= Film grammar =

Special terms on filming

In film, film grammar is defined as follows:

1. A frame is a single still image. It is analogous to a letter.
2. A shot is a single continuous recording made by a camera. It is analogous to a word.
3. A scene is a series of related shots. It is analogous to a sentence. The study of transitions between scenes is described in film punctuation. Film punctuations can also be intra scene & shot.
4. A sequence is a series of scenes which together tell a major part of an entire story, such as that contained in a complete movie. It is analogous to a paragraph.
5. A film is a series of sequences or sometimes just a sequence where the film consists of a single sequence.

The term film grammar is best understood as a creative metaphor, since the elements of film grammar described above do not stand in any strict relation of analogy to the components of grammar as understood by philology or modern linguistics.
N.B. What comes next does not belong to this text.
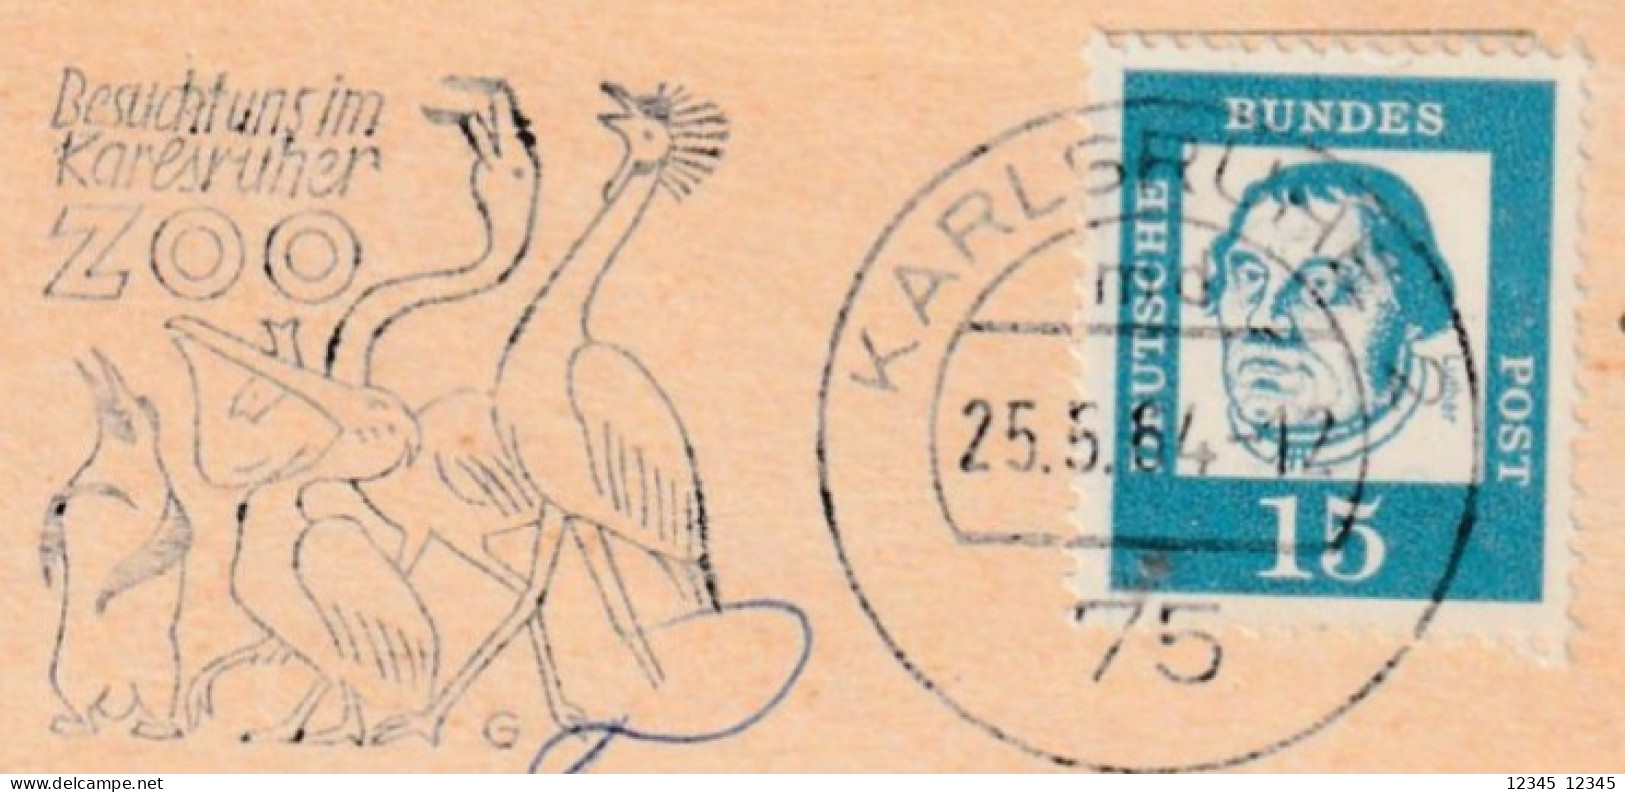 Duitsland 1964, Stamped Bird Motive (Besucht Uns Im Karlsruher Zoo) - Cartas & Documentos
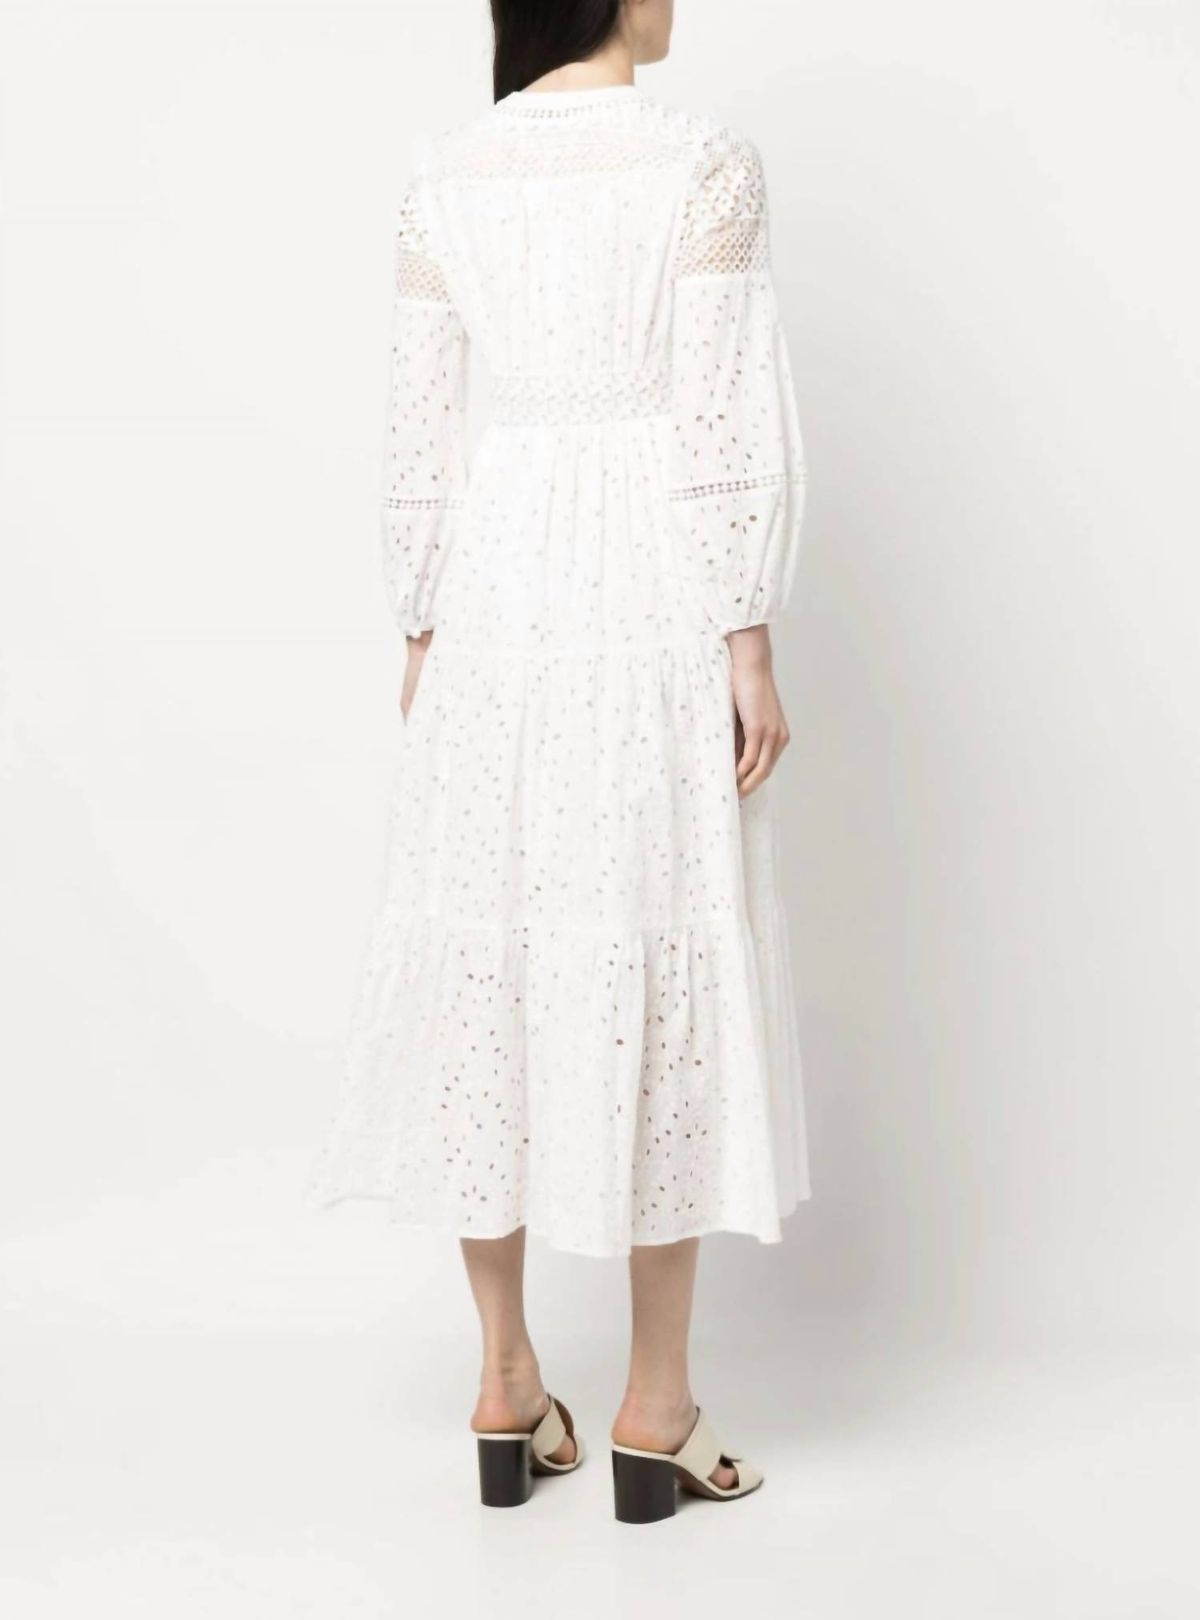 Style 1-1580596419-1901 Diane von Furstenberg Size 6 Sheer White Cocktail Dress on Queenly

D. W. Griffith has been called the father of film grammar. Griffith was a key figure in establishing the set of codes that have become the universal backbone of film language. He was particularly influential in popularizing "cross-cutting"—using film editing to alternate between different events occurring at the same time & between different time periods within the timeline of the given film —in order to build suspense or for any other relevant purpose(s). He still used many elements from the "primitive" style of movie-making that predated classical Hollywood's continuity system, such as frontal staging, exaggerated gestures, minimal camera movement, and an absence of point of view shots. Some claim, too, that he "invented" the close-up shot for filming.

Credit for Griffith's cinematic innovations must be shared with his cameraman of many years, Billy Bitzer. In addition, he himself credited the legendary silent star Lillian Gish, who appeared in several of his films, with creating a new style of acting for the cinema.